En vertu d'un nouvel accord passé entre la SGM et Shein, la marque redevient responsable de ses achats et commandes tandis que le BHV sera responsable des salariés des corners.
Ce mercredi, le BHV de Grenoble a ouvert, après plusieurs mois de report, son premier corner dédié à la marque chinoise Shein - à l'image des autres villes de province Dijon, Limoges, Angers et Reims - Malgré les controverses, une poignée de curieux était au rendez-vous.
Ce mercredi matin, devant le BHV de Grenoble, tout le dispositif était prêt pour accueillir la marque Shein. Celle-là même qui a valu la perte du nom des Galeries Lafayette aux grands magasins repris par le groupe lyonnais SGM (Société des Grands Magasins). Sur la droite de l'entrée principale, un accès dédié aux clients de la marque avait même été matérialisé par des rubans et des panneaux, annonçant l'installation de Shein au 3e étage du grand magasin.
Une conquête qui n'a pas soulevé les foules, dans un sens comme dans un autre : alors que les critiques avaient fusé lors de l'annonce du partenariat entre le géant de la fast fashion et l'enseigne BHV à Paris et en province, pas de manifestation à l'horizon pour cette ouverture. Mais un service d'ordre renforcé et vigilant, «comme dans le cadre des opérations spéciales», nous confirme la direction du magasin.
Peu avant l'ouverture officielle, prévue à 10 heures, seule une poignée composée de curieux et de quelques clients réguliers campait devant l'entrée. La dizaine de journalistes présents sur les lieux était aussi attendue de pied ferme, avec une entrée dédiée et un badge aux couleurs de la marque.
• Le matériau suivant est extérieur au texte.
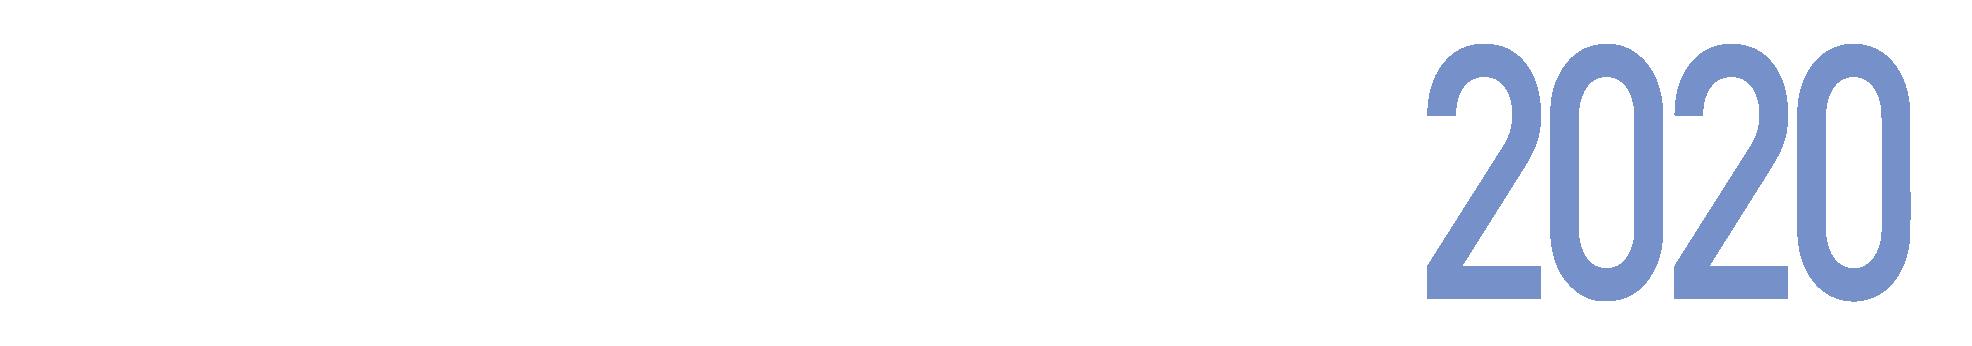 #EOFF2020 : Eastern Oregon Film Festival
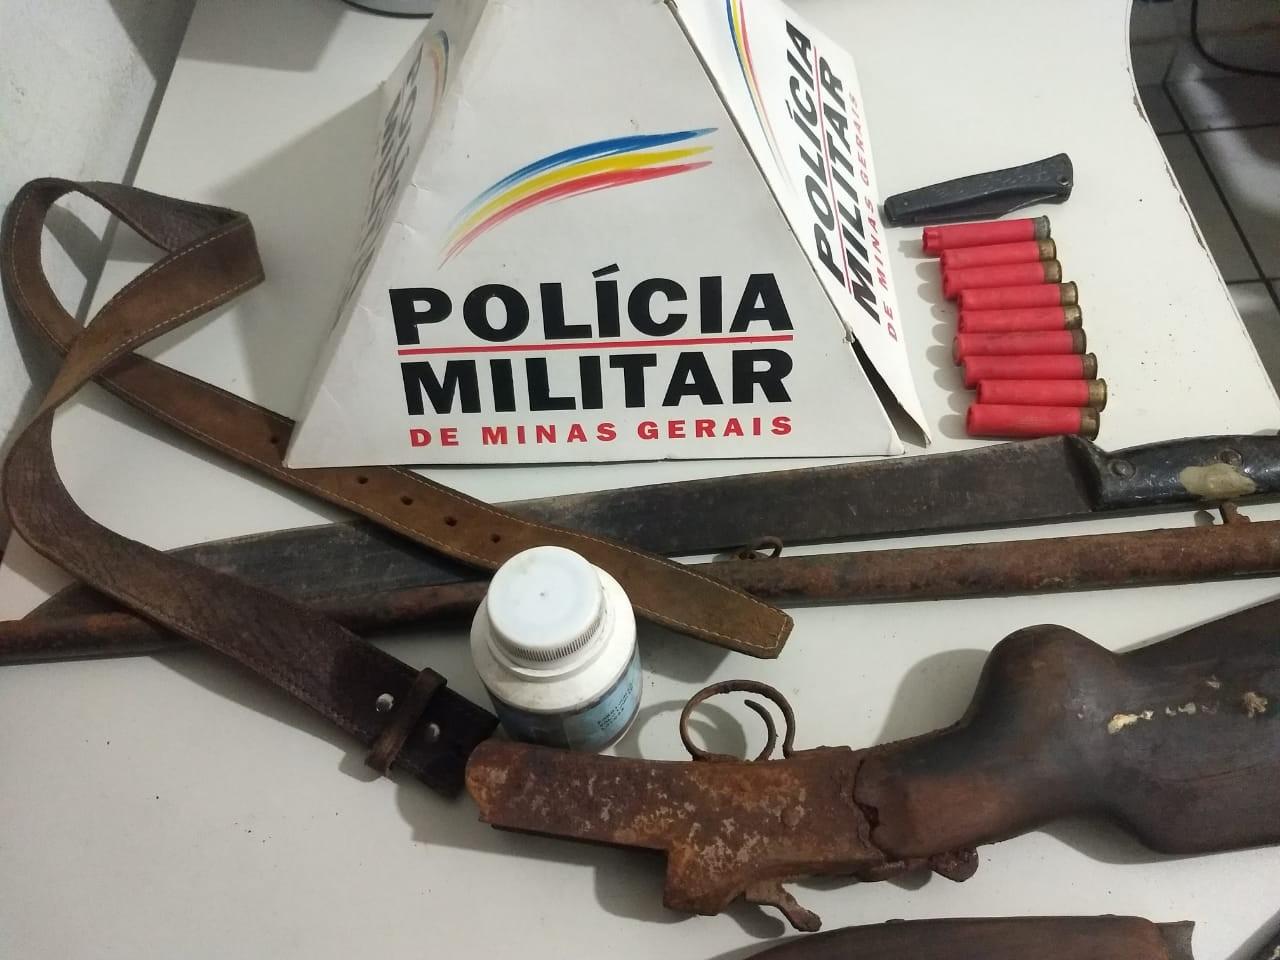 Polícia prende suspeito de agredir e manter mulher e criança em cárcere privado em Conselheiro Pena - Noticias

Après la fouille des sacs, direction au 3e étage où le corner Shein occupe depuis ce matin près de 600 mètres carrés, aménagés au sein de l'étage réservé jusqu'ici aux marques enfants.
Younès, 50 ans, fait partie des curieux qui patientent : « j'ai moi-même quatre enfants, dont trois filles, et ils sont fans de cette marque, qui est abordable... je suis donc venu voir un peu ce que c'est, et j'en parlerai à la maison ensuite ». Juste à côté, Nora, 47 ans, est venue elle aussi par curiosité pour elle et ses filles, qui achètent déjà des vêtements de la marque en ligne.
«Je sais bien que ce n'est pas la même chose que la fabrique française, mais mes filles commandent souvent sur internet, tous les trois mois environ, et il faut dire que les prix sont très bas... Ca rentre dans notre petit budget », glisse cette maman.